Once Bella moved into her adolescent years, she posed challenging questions about life that Dr. Goodwin refused to answer. He saw her as his creation and wanted to keep her in a safe bubble because she was his. Bella’s curiosity is the driving force of this film as she keeps pushing the boundaries. Dr. Goodwin would even monitor a simple walk in the park for Bella, and she had grown tired of being sheltered. Cinematographer Robbie Ryan creates beautiful symmetry in each frame as Bella becomes the centre of her world. The fish eye lens that was used symbolizes Bella being trapped physically or mentally as she attempts to break through the rules of Dr. Goodwin and society. There are moments throughout where Bella is stuck in a situation, and the lens appears, or spheres are very prominent around her. Each time she learned new information and came to a new realization about gender norms and the patriarchy, her bubble would pop. The fish eye lens is used to show Bella feeling small in the world, and when she breaks free, her spirit fills the screen. 

By the third act, Bella holds full autonomy, and the world feels large in scale. She feels like she can do anything without holding back. This is where Tony McNamara’s script truly shines. His writing is sharp, hilarious, and educational. Through the eyes of Bella, McNamara highlights the patriarchal society that everyone abides by. Bella is accustomed to doing what she wants and being outspoken when defying these rules. McNamara questions the definition of freedom and what it means to be part of society. When Bella has her sexual awakening as a sex worker in Paris, she uses her body as her tool. This shows her growth from being an experiment and not having control of her body to understanding her body and sexual urges. Stone’s performance is the best of her career because of the lengths she goes with her physical acting and how abrupt her line delivery is. The chemistry between Bella and Duncan Wedderburn (Mark Ruffalo) is absolute perfection, especially when they start arguing about class structure. Ruffalo hasn’t been this good since Zodiac, and it was incredible to watch. Wedderburn wants a wife and doesn’t understand that Bella has a younger mindset. 

Poor Things is one of the most daring films this year. Lanthimos explores the life of a woman who was given a second chance to live a life she wanted. In her past life, Bella had to make a decision based on how unhappy she was in her marriage, and she unfortunately had to make the decision again.

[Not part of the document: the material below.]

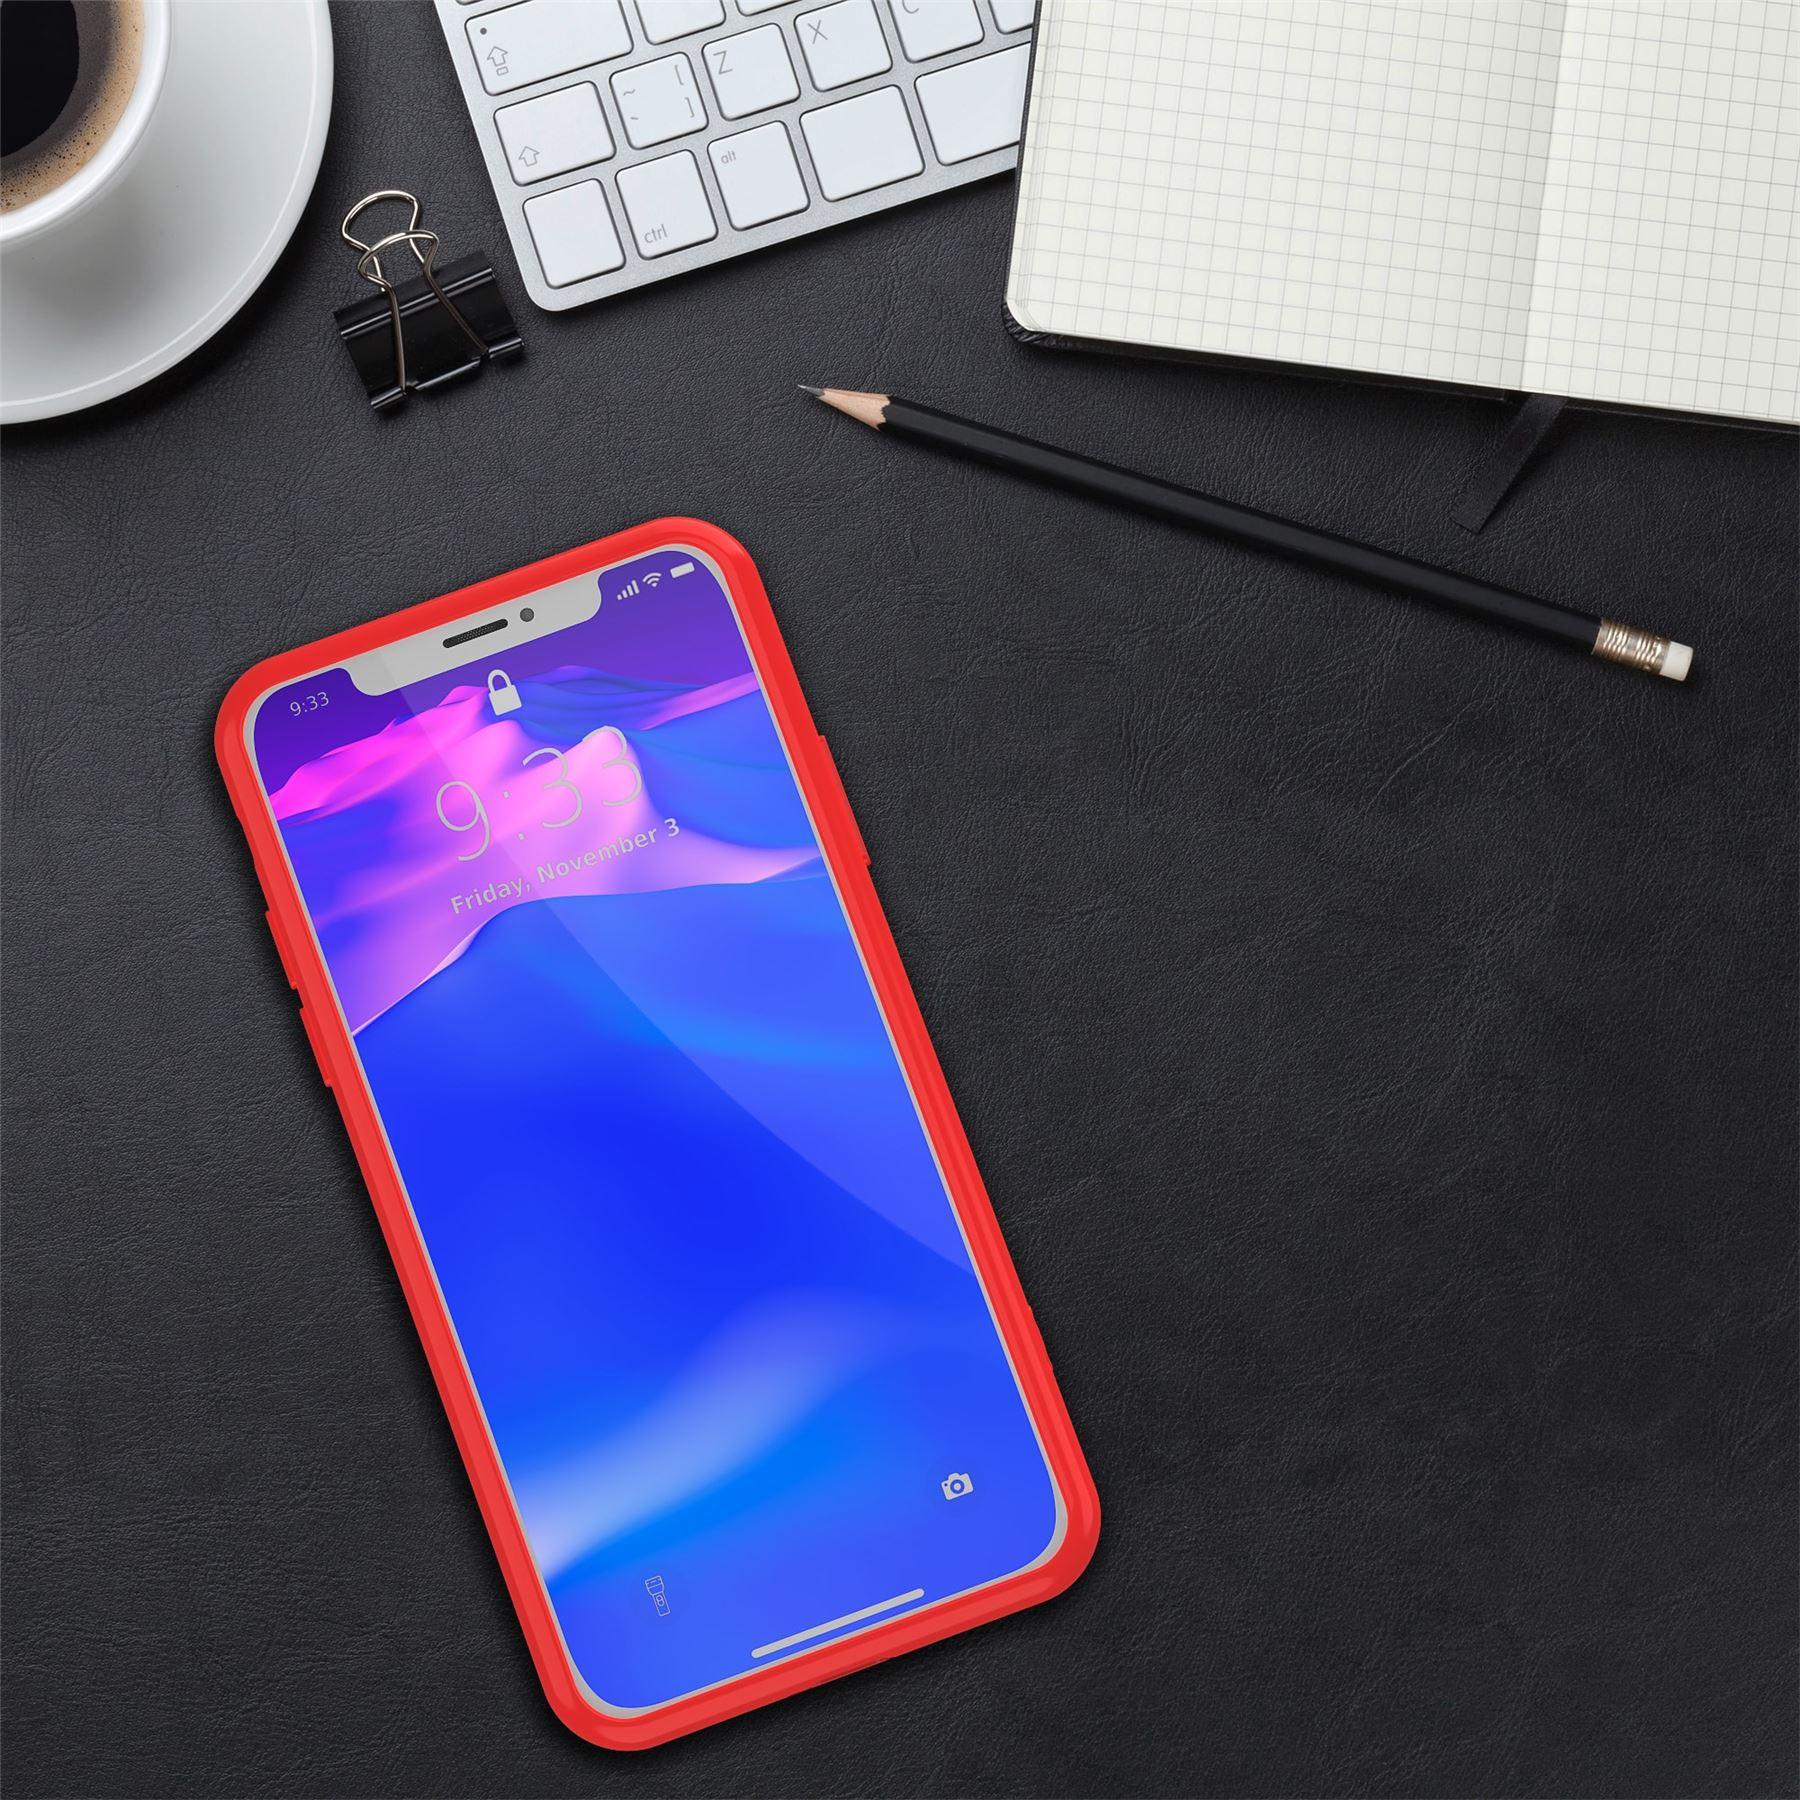 thumbnail 23 - For Apple iPhone XR Xs Max X 8 7 Plus 6 5 Se Case Cover Clear Transparent CS283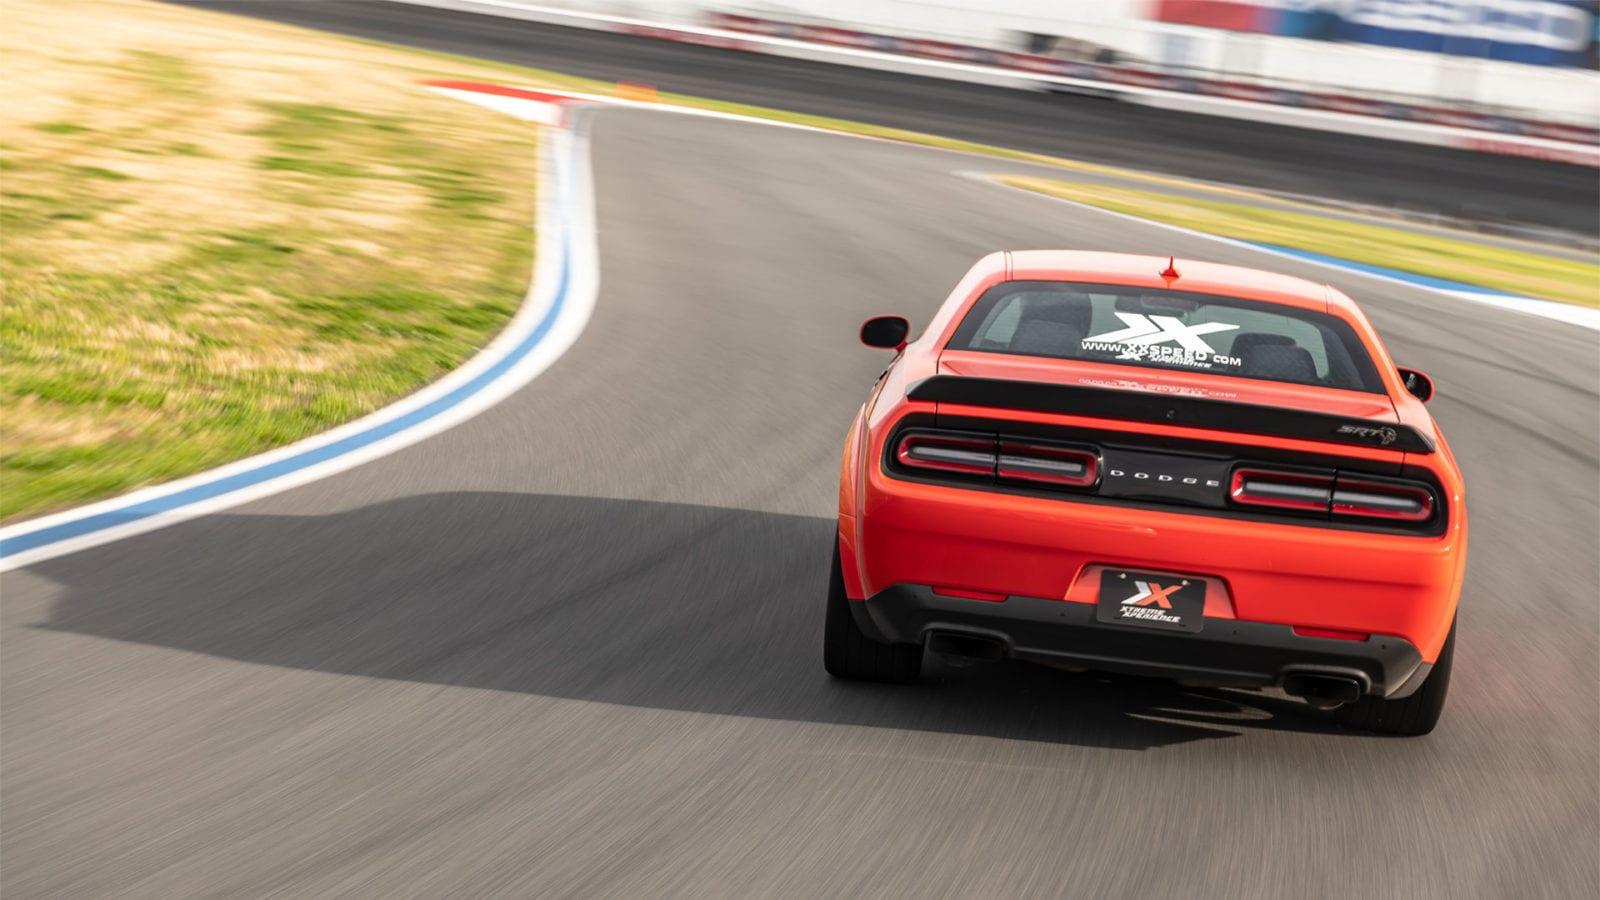 Dodge Hellcat Widebody rear end

What McNamara and Lanthimos express is that women can be anything they want. They can learn, adapt, and grow. They are constantly changing because of the world around them, and it’s important to have the opportunity to explore every avenue. For Bella to become a well-rounded person, she must experience different feelings of joy, pain, grief, and love. Stone gives the performance of her career in her most physical role to date. On the surface, like many Lanthimos films, it may be too absurd for people unfamiliar with his work. But the discussions about class, feminism, agency, and how the patriarchy destroys the evolution of the world are all incredibly well-written and executed for audiences to connect with the characters. This has one of the best final scenes this year, as it accurately depicts the perception of men and women.